Serbie – Monténégro : L’indépendance pour le profit d’une petite clique dirigeante24/05/20062006Journal/medias/journalnumero/images/2006/05/une1973.jpg.445x577_q85_box-0%2C104%2C1383%2C1896_crop_detail.jpg

Dans le monde

Serbie – Monténégro : L’indépendance pour le profit d’une petite clique dirigeante

Selon les résultats annoncés (87% de participation, 55,4% de «oui» pour se séparer de la Serbie), le référendum du 21 mai au Monténégro va aboutir à l'indépendance de ce pays de 700000 habitants. L'État de Serbie-et-Monténégro, créé en 2003 sur les ruines de la Yougoslavie, n'aura donc existé que trois ans. Et rien ne dit que le processus de décomposition de l'ancien État fédéral yougoslave soit parvenu à son terme. Il pourrait même être réactivé, en une nouvelle réaction en chaîne des nationalismes et irrédentismes de toutes sortes dans une bonne partie de l'ex-Yougoslavie.

Ce processus a commencé, en 1991, par la déclaration d'indépendance de la Slovénie, puis par celles de la Croatie et de la Bosnie-Herzégovine, la guerre embrasant la région pendant plusieurs années et faisant des centaines de milliers de morts, essentiellement civils. Seule la Macédoine obtint alors son indépendance de façon pacifique. Mais la guerre la rattrapa en 2001. Des affrontements opposèrent alors la minorité albanaise aux autorités slaves, sur fond de sécession de fait de la majorité albanophone du Kosovo limitrophe, une province relevant en théorie de la Serbie.

Administré par l'ONU depuis l'intervention militaire occidentale contre la Serbie en 1999, le Kosovo réclame toujours que son indépendance de fait soit reconnue par les puissances occidentales, jusqu'alors réticentes. Les indépendantistes kosovars ne peuvent bien sûr qu'espérer tirer parti de l'éclatement de l'État serbo-monténégrin pour tenter d'amener les dirigeants européens à accepter, bon gré mal gré, un nouvel État sur le continent.

Mais ces mêmes dirigeants européens ont de bonnes raisons de craindre qu'un Kosovo indépendant déstabilise le fragile équilibre institutionnel mis en place, sous l'égide de l'ONU et de l'Union européenne, dans la Macédoine voisine après les affrontements de 2001. Et l'émergence d'un micro-État monténégrin pourrait avoir d'autres répercussions dans la région. À l'autre bout de la Serbie, la région autonome de Voïvodine, où existent une très forte minorité hongroise et diverses autres minorités nationales (croate, roumaine, ukrainienne, etc.), pourrait à son tour être affectée par cet «effet dominos». Quant à la Bosnie-Herzégovine, séparée après une guerre civile atroce lors des accords de Dayton en une Fédération croato-musulmane et une République serbe, elle pourrait éclater en deux, sinon trois entités distinctes, non plus seulement de fait mais de droit.

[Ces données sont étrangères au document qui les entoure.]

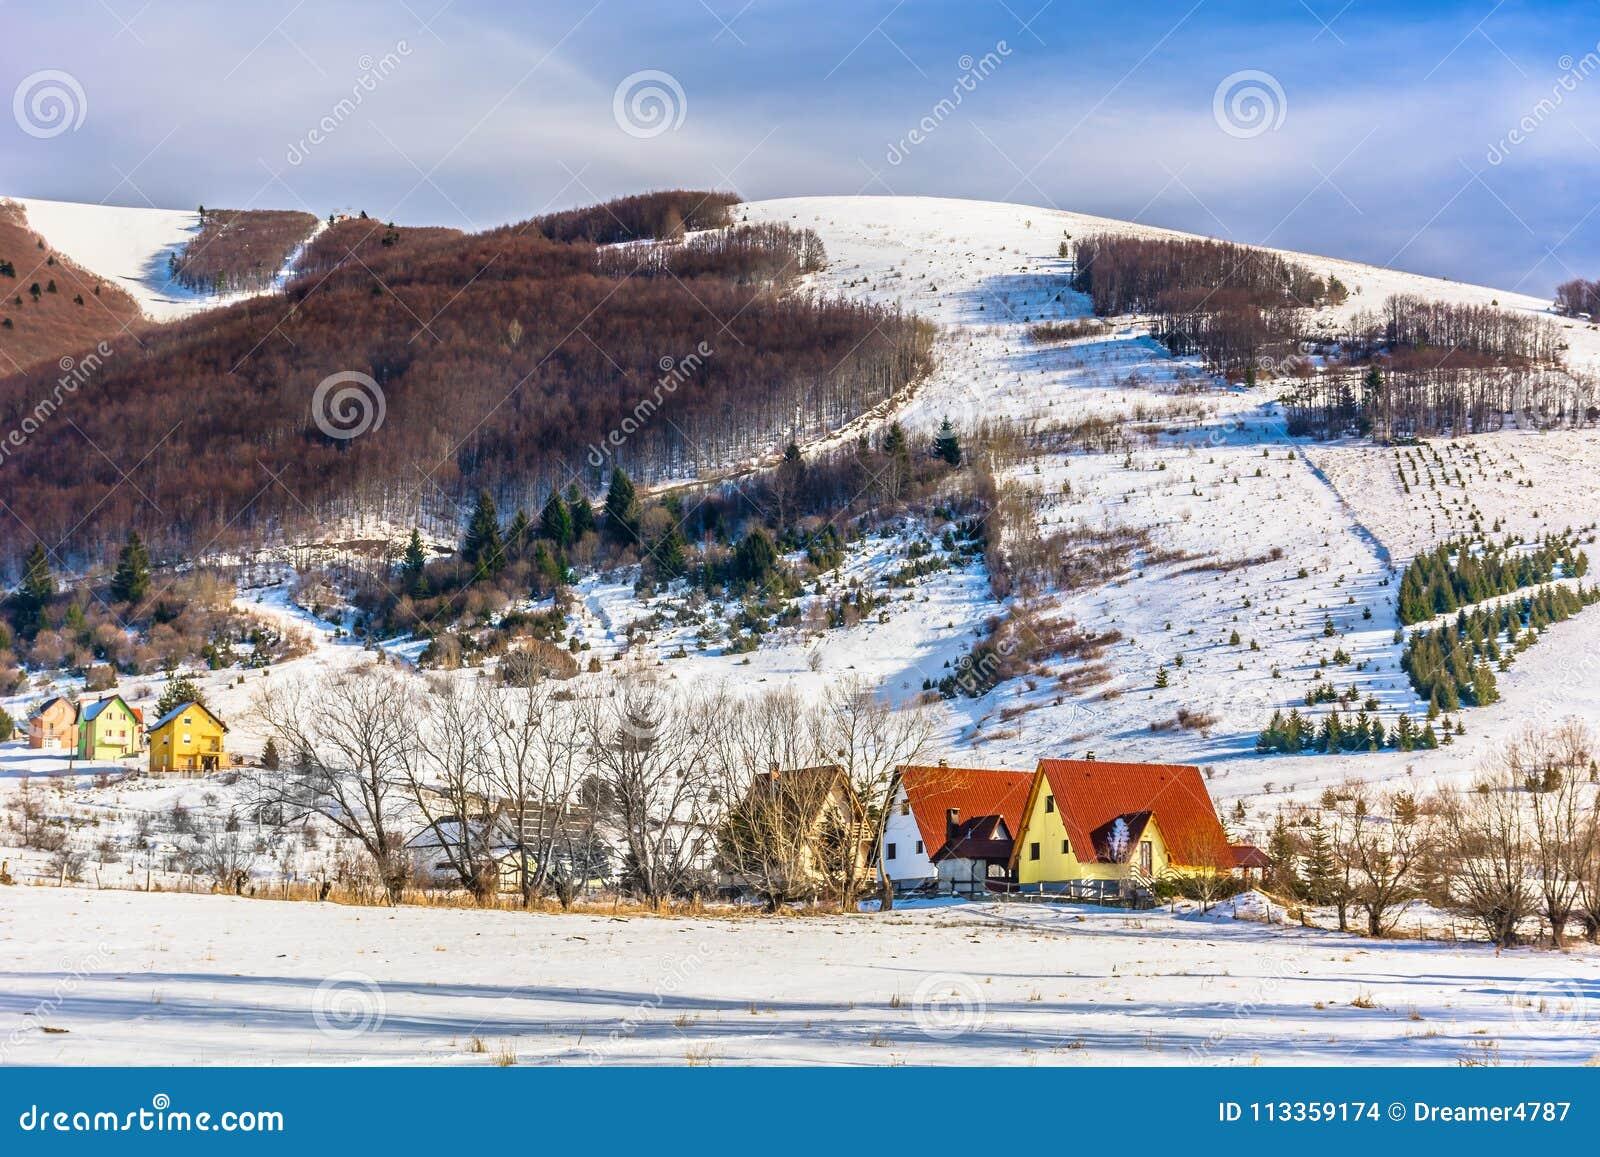 winter landscape in famous ski resort, kupres. stock photo - image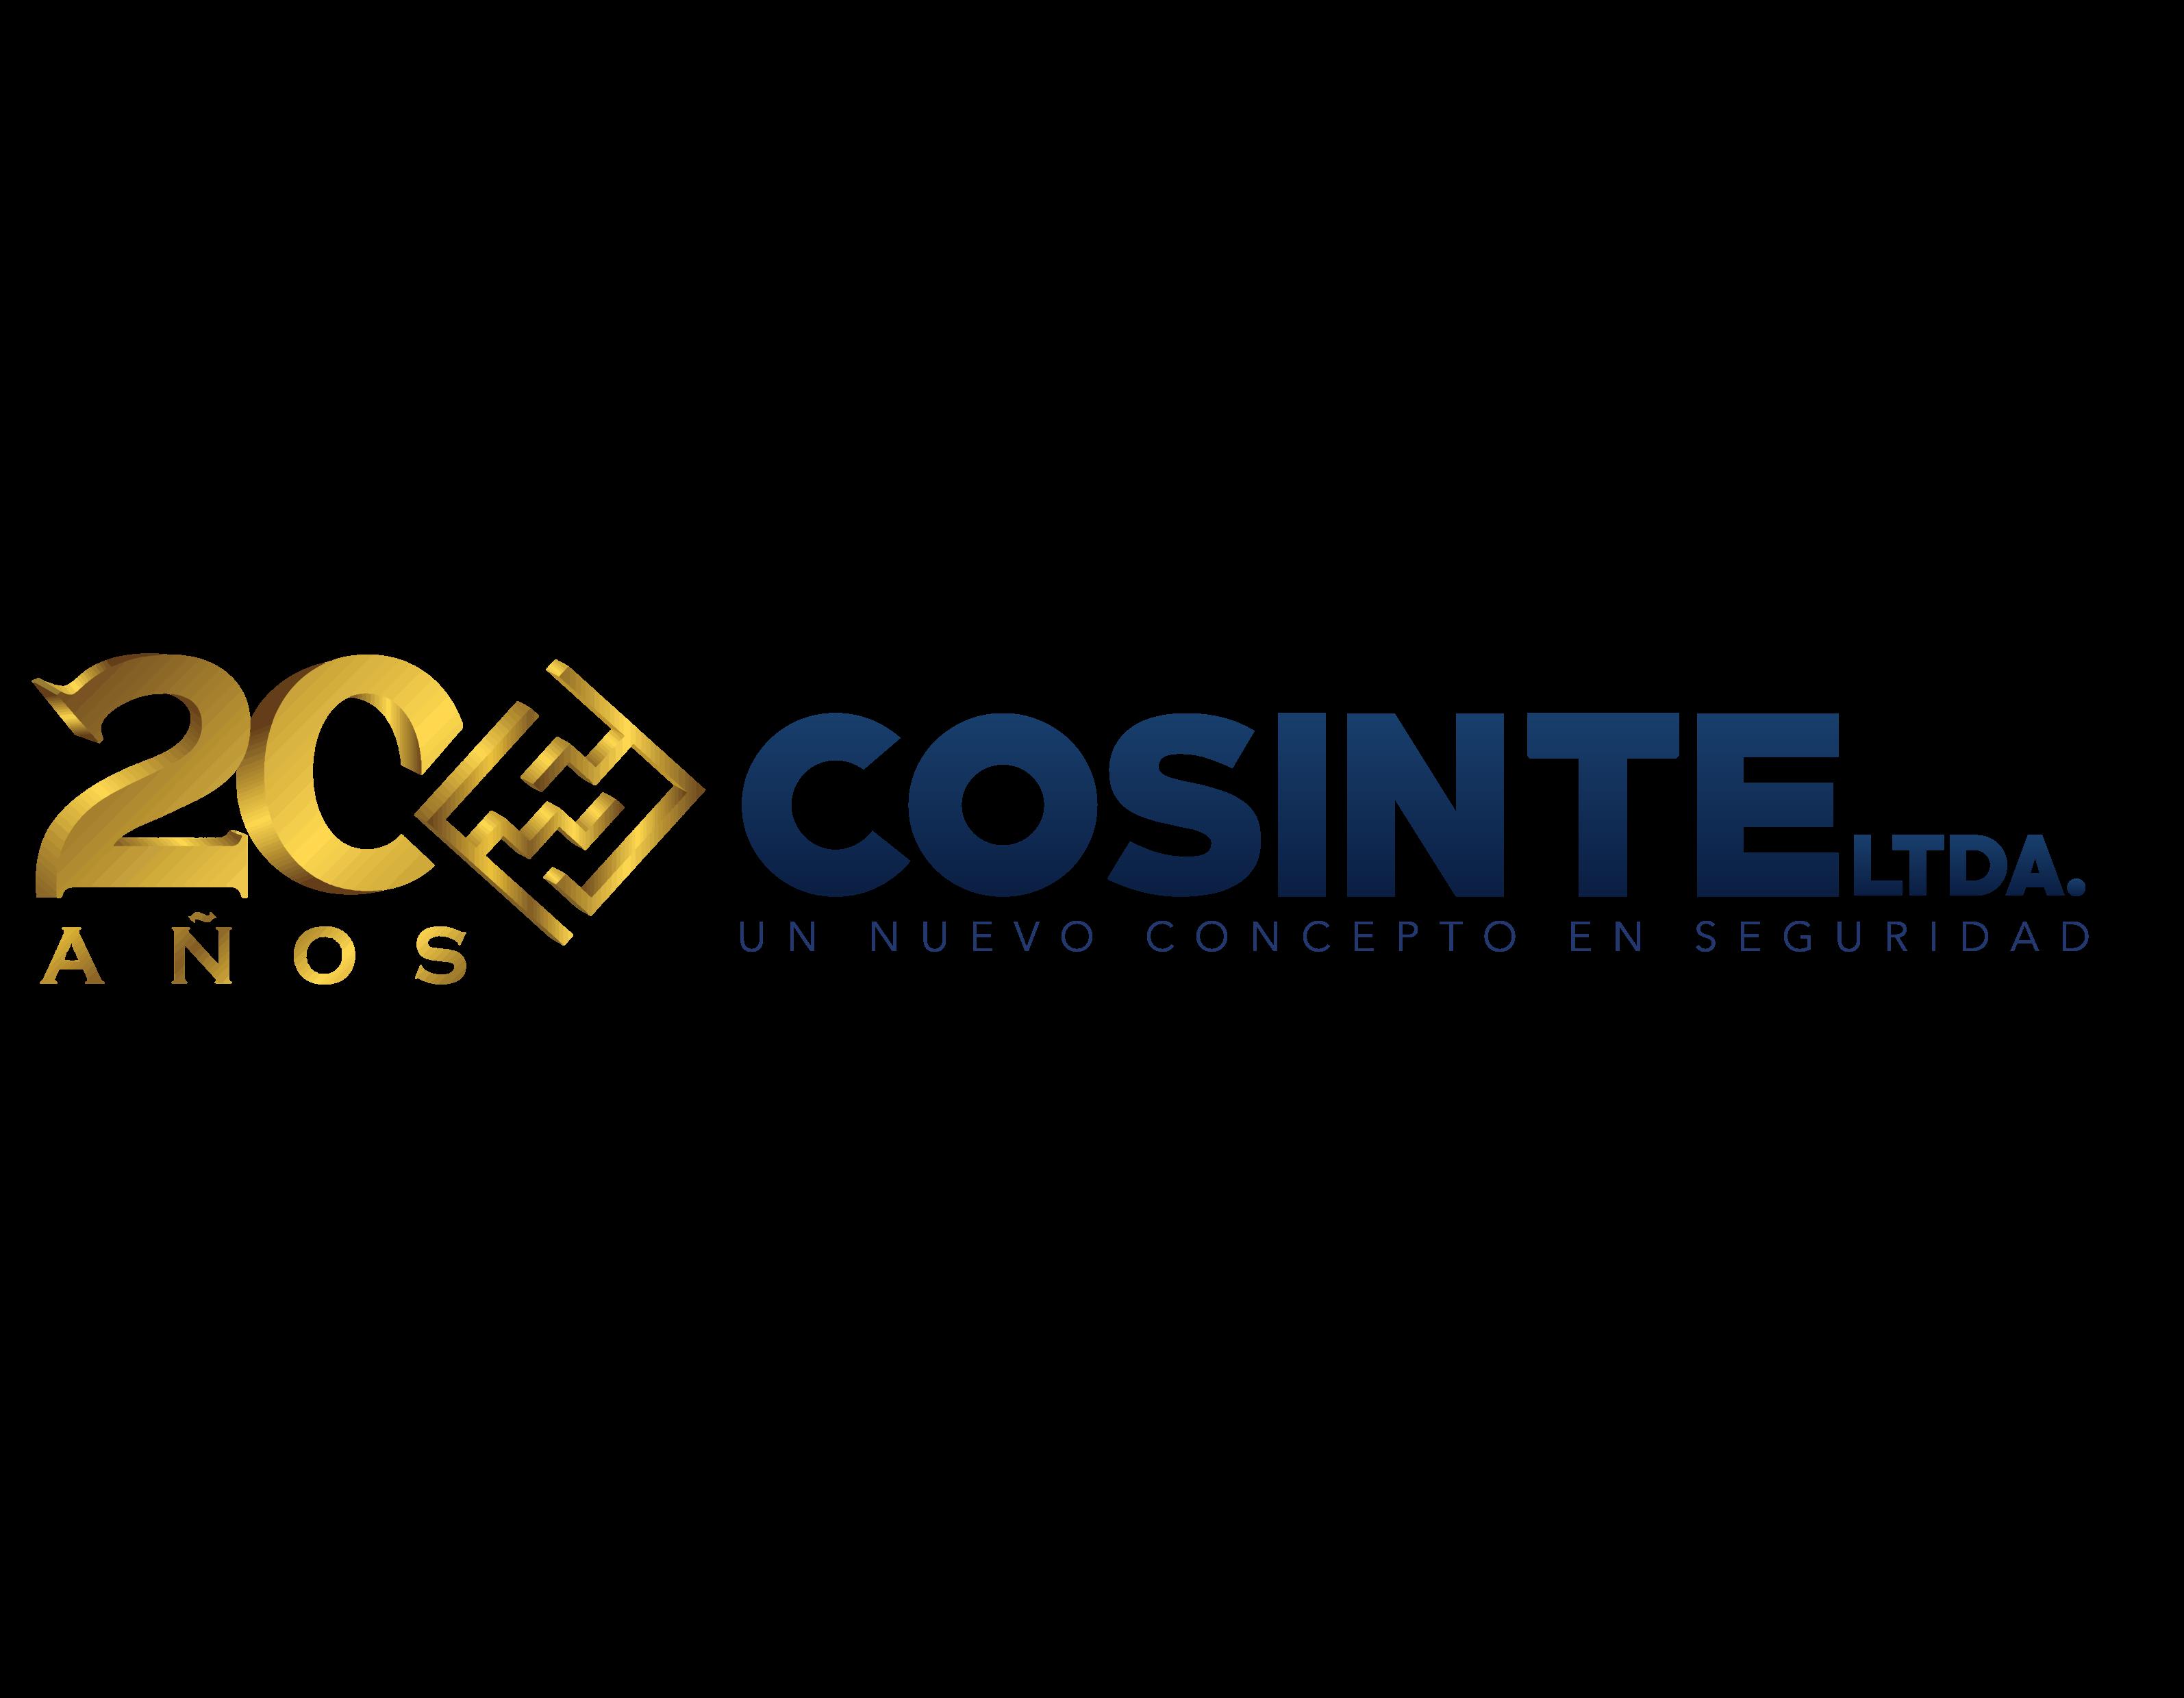 https://0201.nccdn.net/4_2/000/000/00d/f43/COSINTE_logo20an--osazul-01-3189x2480.png

Les grandes puissances impérialistes, au premier chef européennes, avaient, au tournant des années quatre-vingt-dix, soutenu des cliques rivales à la tête des différentes républiques yougoslaves. Cela n'avait pas peu contribué à faire éclater la Yougoslavie. Cela avait, du même coup, jeté les nombreux peuples entremêlés de cette région des Balkans dans une sanglante spirale de massacres.

Les appétits d'une petite clique

Ayant, par leurs intérêts égoïstes et leurs rivalités, aidé à déstabiliser cette partie du continent, les grandes puissances ont tenté par la suite de geler les rapports de forces, en Bosnie-Herzégovine, au Kosovo, en Macédoine, au Monténégro. Dans ce dernier cas, l'Union européenne avait tenté d'imposer en 2003 aux dirigeants monténégrins le maintien d'un cadre commun avec la Serbie. Car, dès 1991, les dirigeants du Monténégro avaient, comme les autres cliques dirigeantes de Yougoslavie, cherché à tirer le plus grand parti de l'éclatement de l'État fédéral. En fait, Serbie-et-Monténégro ou pas, ils avaient de plus en plus joué leur propre carte. Dans la dernière période, ils avaient soutenu l'intervention armée de l'ONU contre la Serbie. Ils avaient dressé des douanes intérieures, avec des tarifs protectionnistes. Ils avaient créé leurs propres institutions indépendantes et refusaient de siéger dans un Parlement commun. C'est le mark allemand, puis l'euro qu'ils avaient choisis comme monnaie, afin de se distinguer du dinar serbe. Les dirigeants monténégrins avaient également négocié leur adhésion séparée de celle de la Serbie à l'Organisation mondiale du commerce, et ouvert leurs propres représentations commerciales à l'étranger.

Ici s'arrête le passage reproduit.